В ответ опять что-то невразумительное.
– А зачем тянуть? Такая вымахала здоровая девка! Конфеткой ее уж не позабавишь. Вот что я посоветую: постарайся познакомиться с матерью ухажера. Какая мать, такие и дети. Я говорю о сыновьях, конечно. А далеко они зашли или нет…
Пришлось посторониться и идти гуськом вдоль могильной ограды, так как сзади приближался кладбищенский автобус.
Карла (многозначительно): – Все равно рано или поздно все там будем. – Она показала на автобус и на сидевших в нем людей. Потом – Зло берет. Послушать тебя, только ты одна такая разнесчастная.
– Да уж, счастливой меня не назовешь. Один этот тип чего мне стоил…
– Будто мой не куролесил! В сто раз больше твоего! Только я никогда нос не вешала. Но и не задирала выше, чем надо. Главное мое несчастье (а у меня их тоже было немало), что он оставил меня в том возрасте, когда человеку осточертевает жить на болоте, воевать с комарами и с мошкарой и спать на колючей соломе, – хочется пожить с удобствами.
– Неужели ты не можешь говорить потише?
– А дети… Что ты сравниваешь? У меня парни, у тебя девка. Чем она скорее выскочит замуж, тем лучше. С парнями же наоборот. Я им говорю, пока нет особой нужды в помощницах, повремените… Вот, говорю, когда будет вашей маме за пятьдесят…

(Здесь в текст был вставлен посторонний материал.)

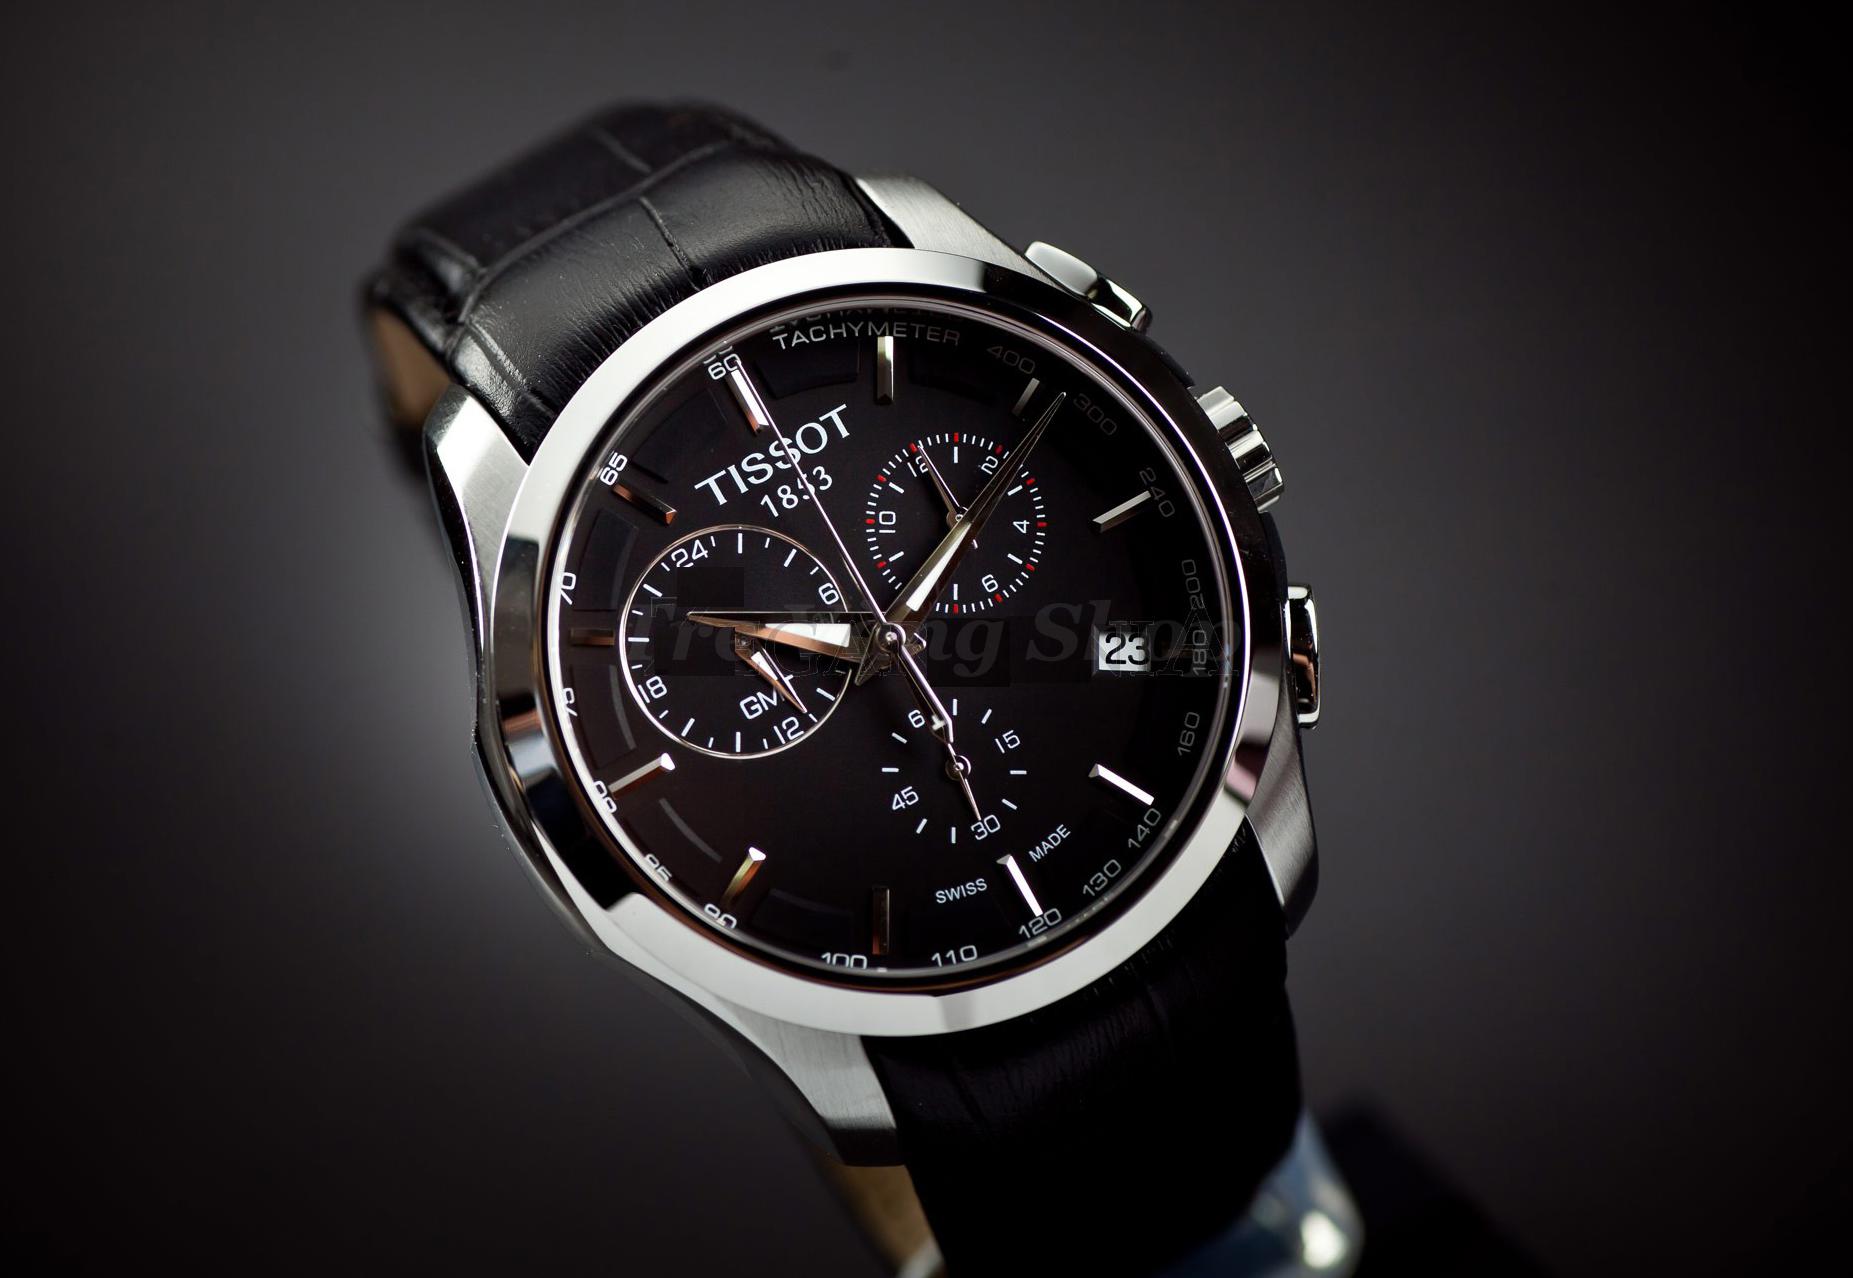 Mặt đồng hồ nam Tissot 1853 T035.439.16.051.00 T-Sport .

– Как? Разве тебе еще не исполнилось?
– Ну, за пятьдесят пять… Потому как… Коль на то пошло, о наследниках теперь думать нечего. Известно: молодые крестьянствовать не желают.
– Я, дорогая сестрица, ничего тебе не скажу. Каждый в своем доме хозяин. Но, смотри… Будешь упрямиться, привередничать…

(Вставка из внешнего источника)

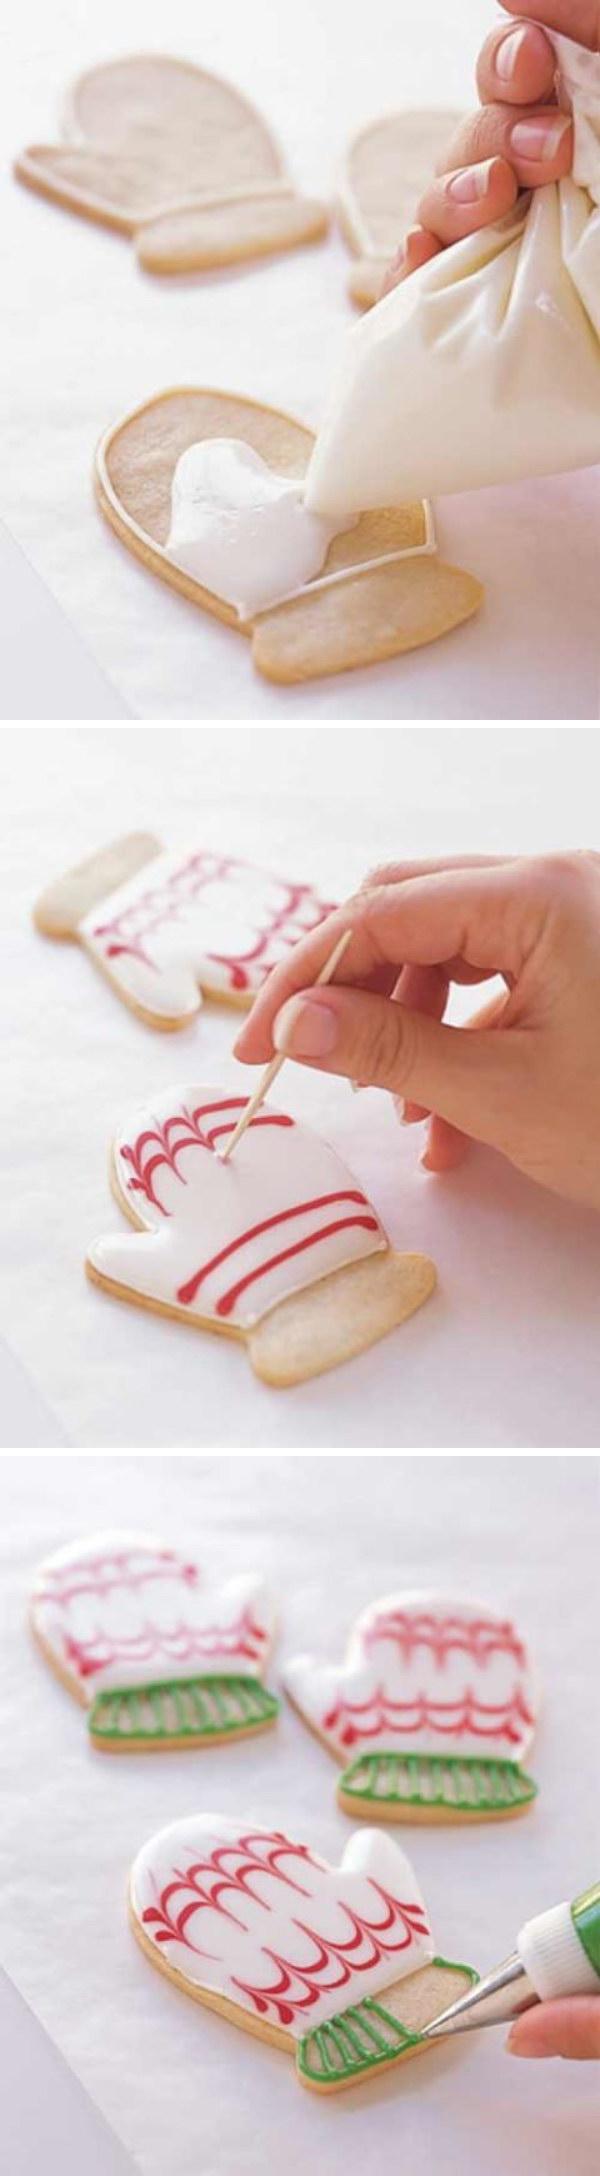 Homemade Glove Cookies.

Прошли перекресток. Там, с правой стороны, начинается участок, где похоронен дядя Джакомо.
– …ведь того принца можно всю жизнь искать и не найти…
Тетя Карла вдруг остановилась как вкопанная, только шею вперед вытягивает… В глазах недоумение и испуг:
– Пресвятая дева…
Весь участок острижен наголо, перекопан, прополот и выровнен. Чернеет несколько свежих могил, и все…
– Господи Иисусе…
Бедная тетя Карла не верит своим глазам.
И как-то странно, мелкими шажками, не по-крестьянски, одной рукой – той, что сжимает гвоздики, – придерживая под животом пальто, другой приподнимая подол юбки, засеменила туда, где еще в прошлом году накануне дня поминовения усопших красовалась доска из каррарского мрамора с бронзовыми лавровыми листьями и надписью, а под овальной фотографией покойного горела лампадка. Аделе ринулась, задыхаясь, за сестрой, словно та без нее непременно должна была натворить что-нибудь непотребное. Но в этих туфлях, которые она совсем разучилась носить, она с трудом ковыляет и все больше отстает. Марианна – та поспевает. Но, собственно, куда идти-то? Ничего же не осталось! А ведь могила у дяди была совсем неплохая. Она ей даже нравилась. Бывало, выдернешь сорняки, поставишь возле лампадки дюжину гвоздичек, и вид у могилы становится вполне благопристойный. К тому же, в понимании Марианны похороны все ставили на свое место: человек умирает, стало быть, кончаются его мучения, но что-то от него все-таки остается, и раз в год им кто-нибудь занимается. И еще: есть такие уголки, которые много значат в детстве, а в дальнейшей жизни служат вехами, поэтому надо, чтобы они оставались как были, даже если никакой ценности не представляют. Если же все начисто меняется, бесследно исчезает, даже могилы…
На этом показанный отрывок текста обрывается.